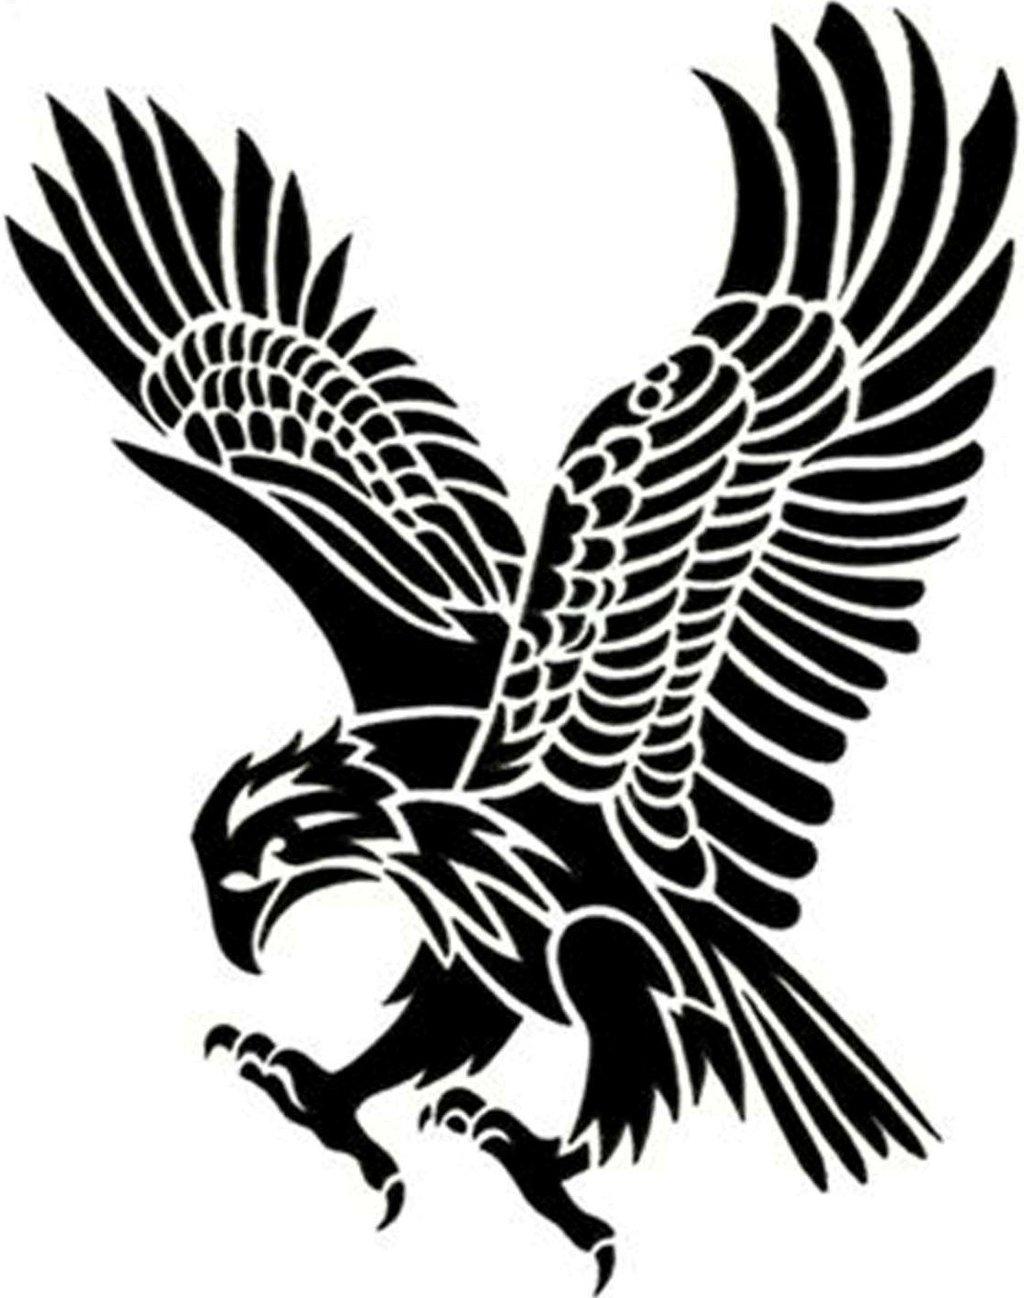 14 Cool Eagle Designs Images - Eagle Feather Tattoo Designs
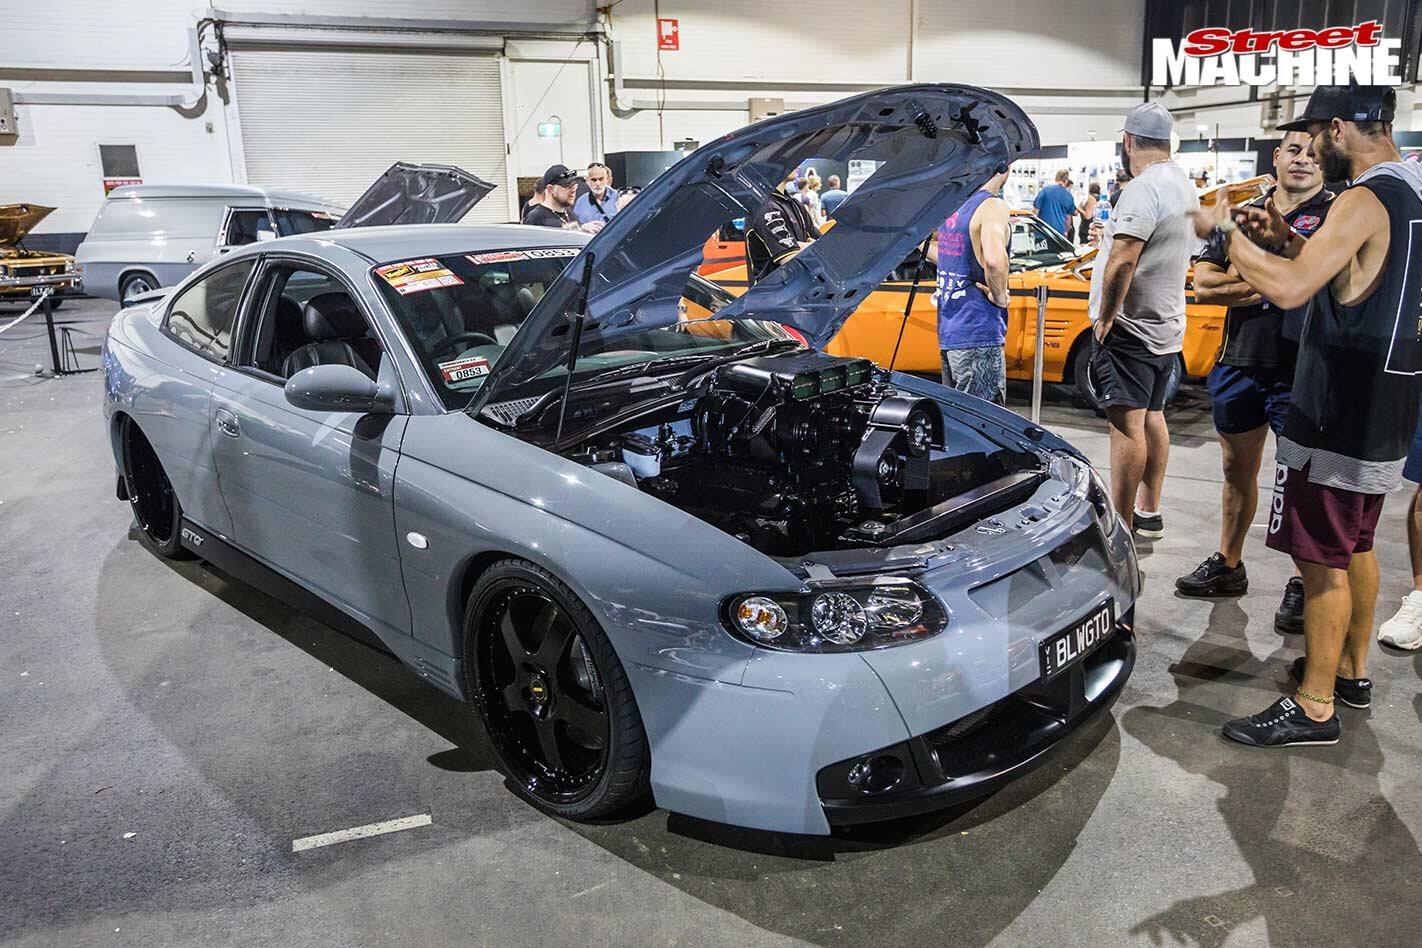 HSV GTO
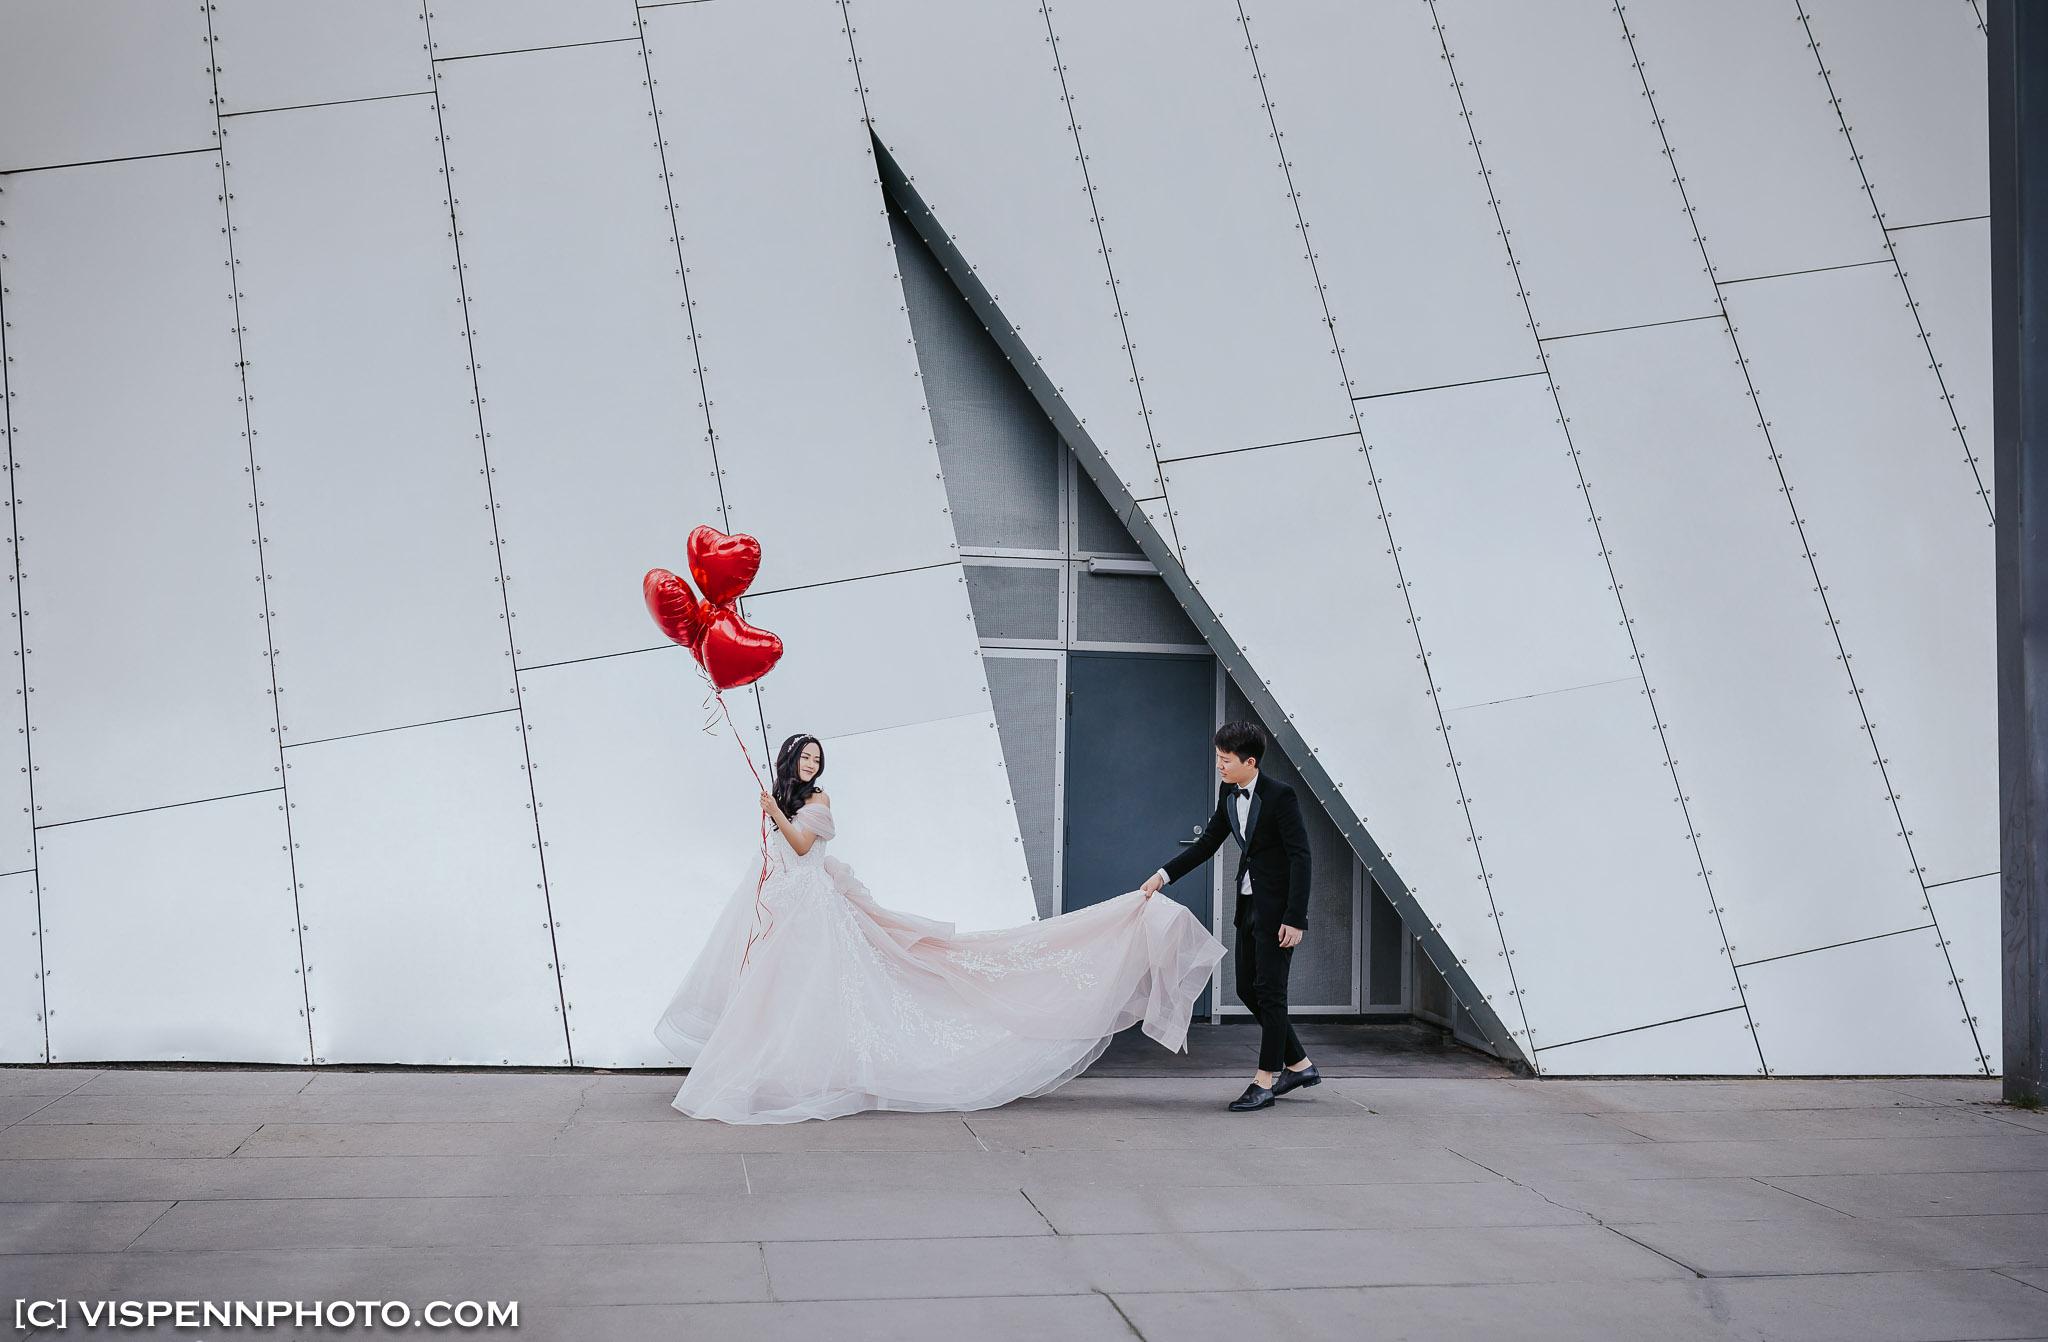 PRE WEDDING Photography Melbourne VISPENN 墨尔本 婚纱照 结婚照 婚纱摄影 VISPENN P5D4 1364

- What is expected
Please copy the data above exactly, omitting the pictures.

- Your response
 14 Cool Eagle Designs Images - Eagle Feather Tattoo Designs
 HSV GTO
 PRE WEDDING Photography Melbourne VISPENN 墨尔本 婚纱照 结婚照 婚纱摄影 VISPENN P5D4 1364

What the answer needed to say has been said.